:: Exercise aim ::
Repeat the listing below exactly from the line with "Room in La Rabida" through its last line. Skip every picture.

:: Raw data ::
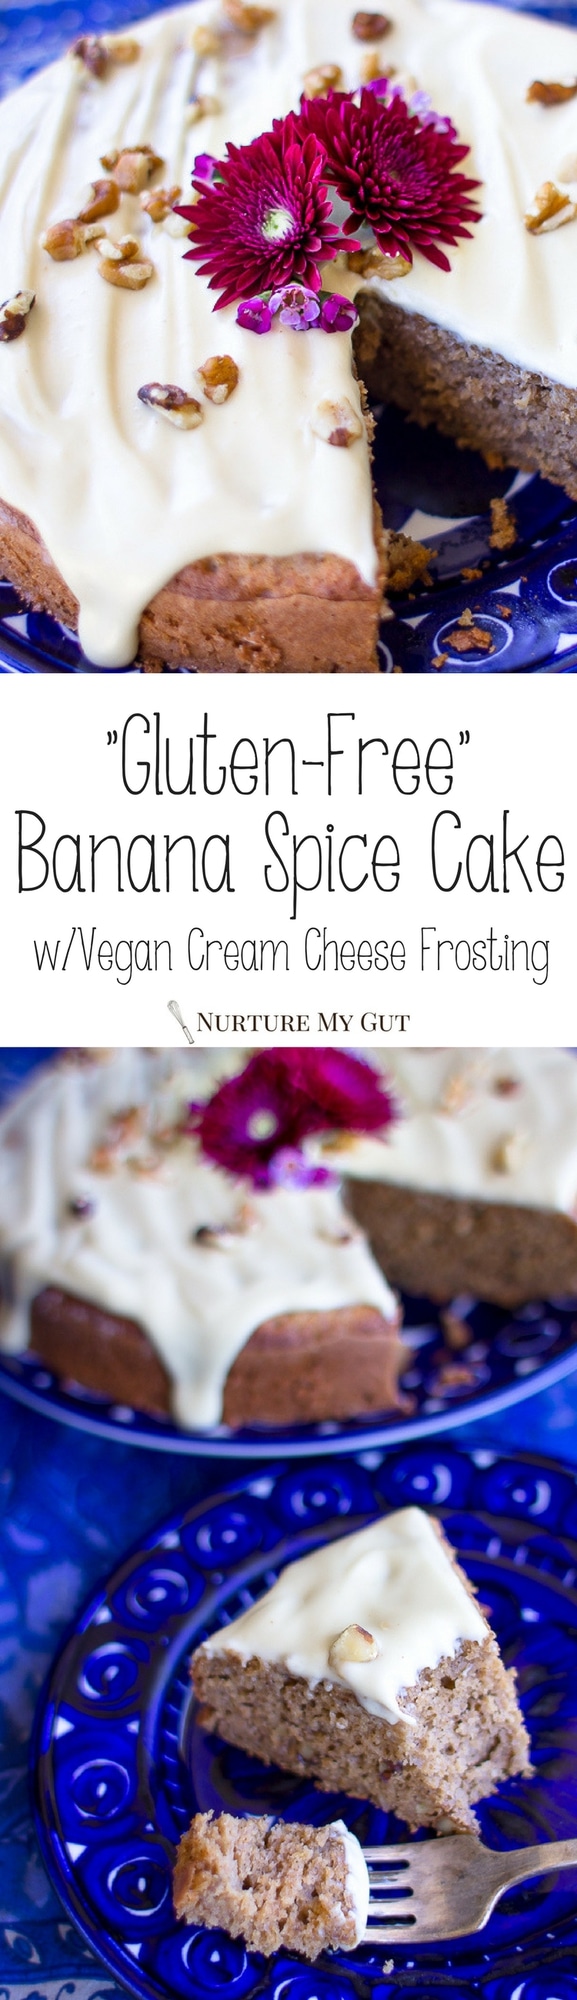 Gluten Free Banana Spice Cake w/Vegan Cream Cheese Frosting
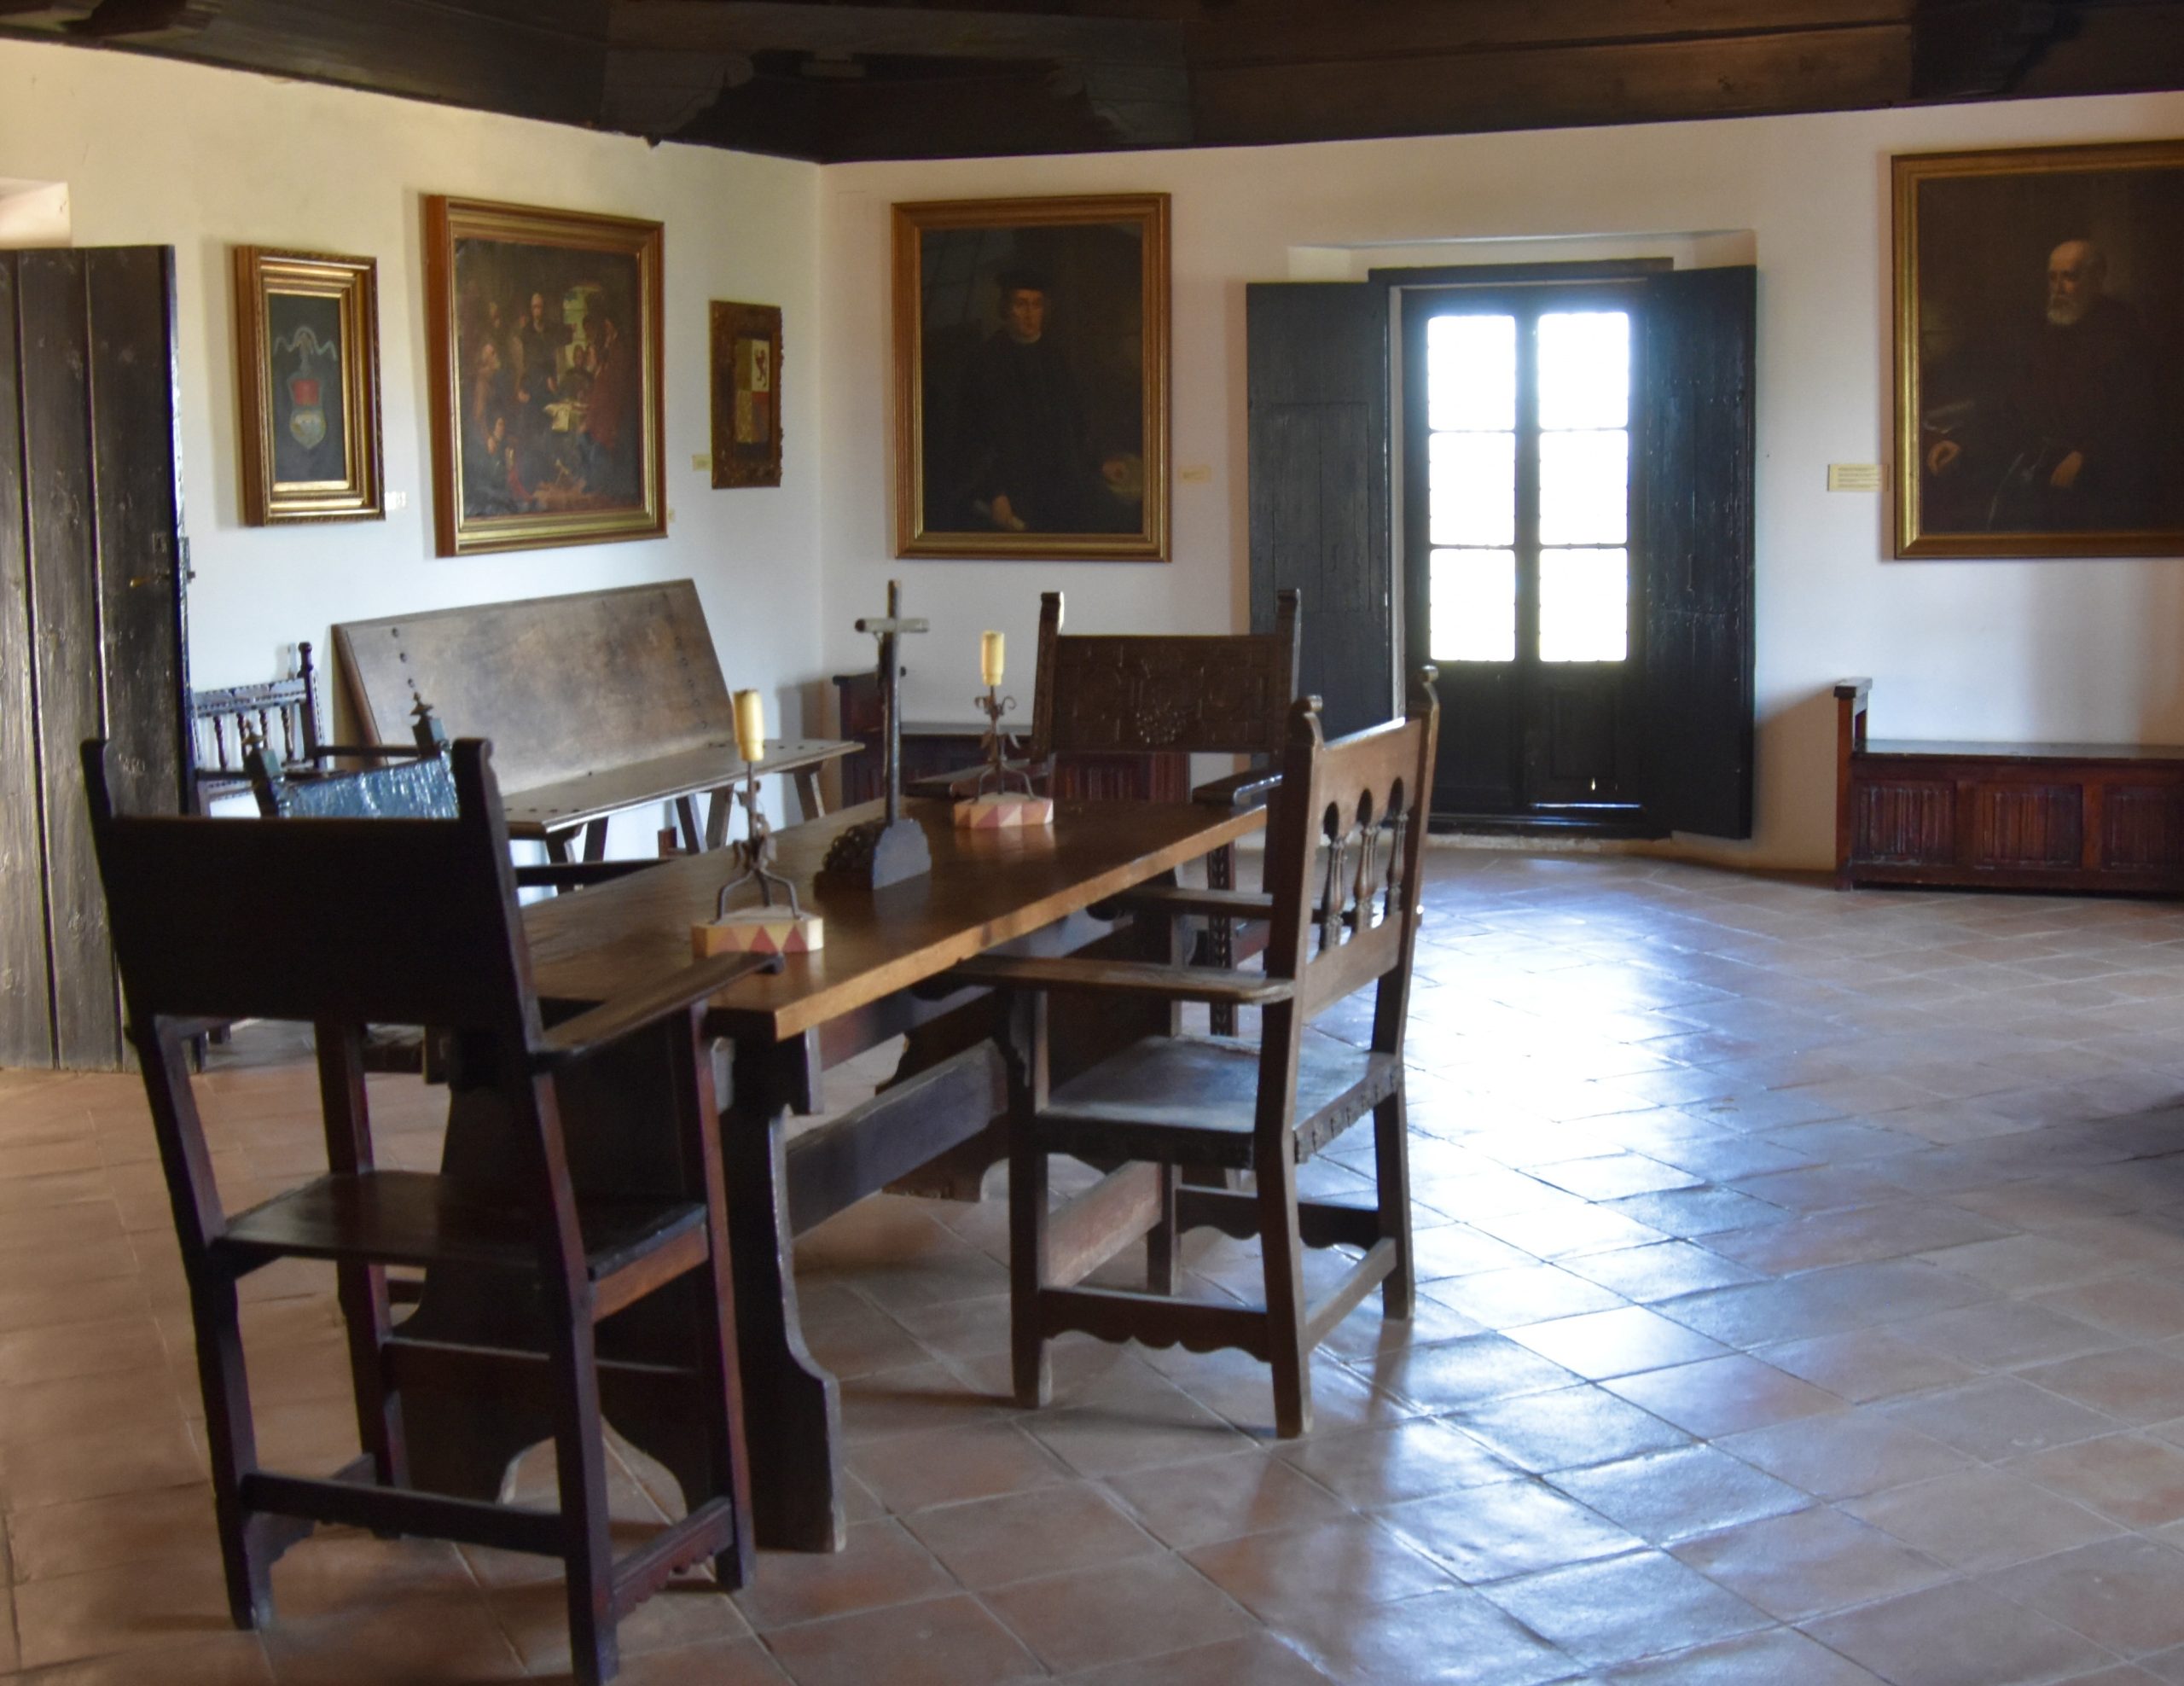 Room in La Rabida Where Columbus Met With the Townsfolk
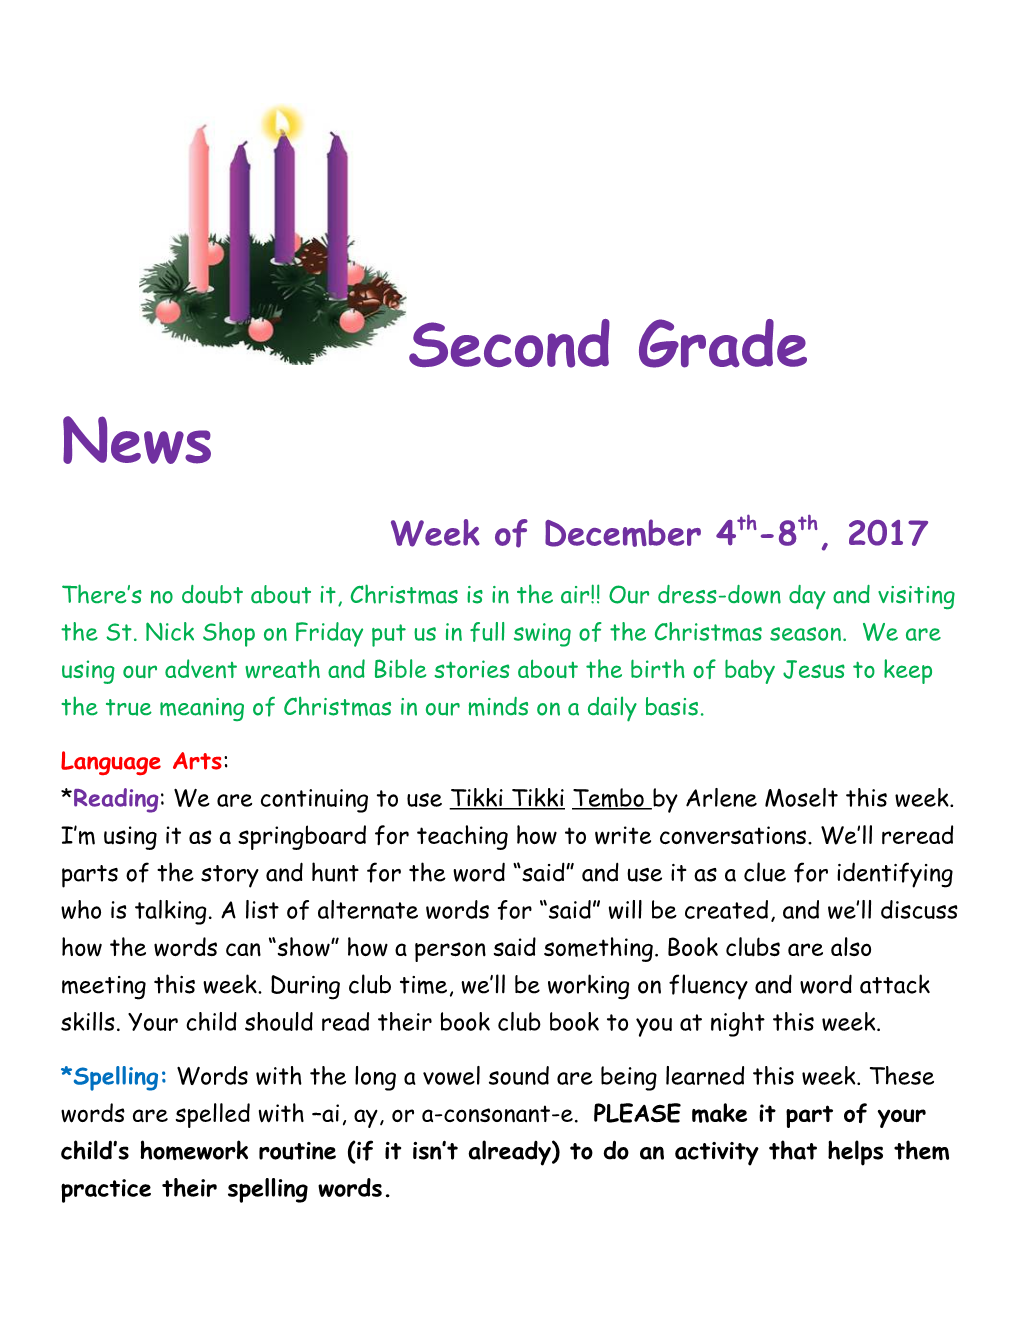 Second Grade News

:: Solution to the exercise ::
 Room in La Rabida Where Columbus Met With the Townsfolk
 Second Grade News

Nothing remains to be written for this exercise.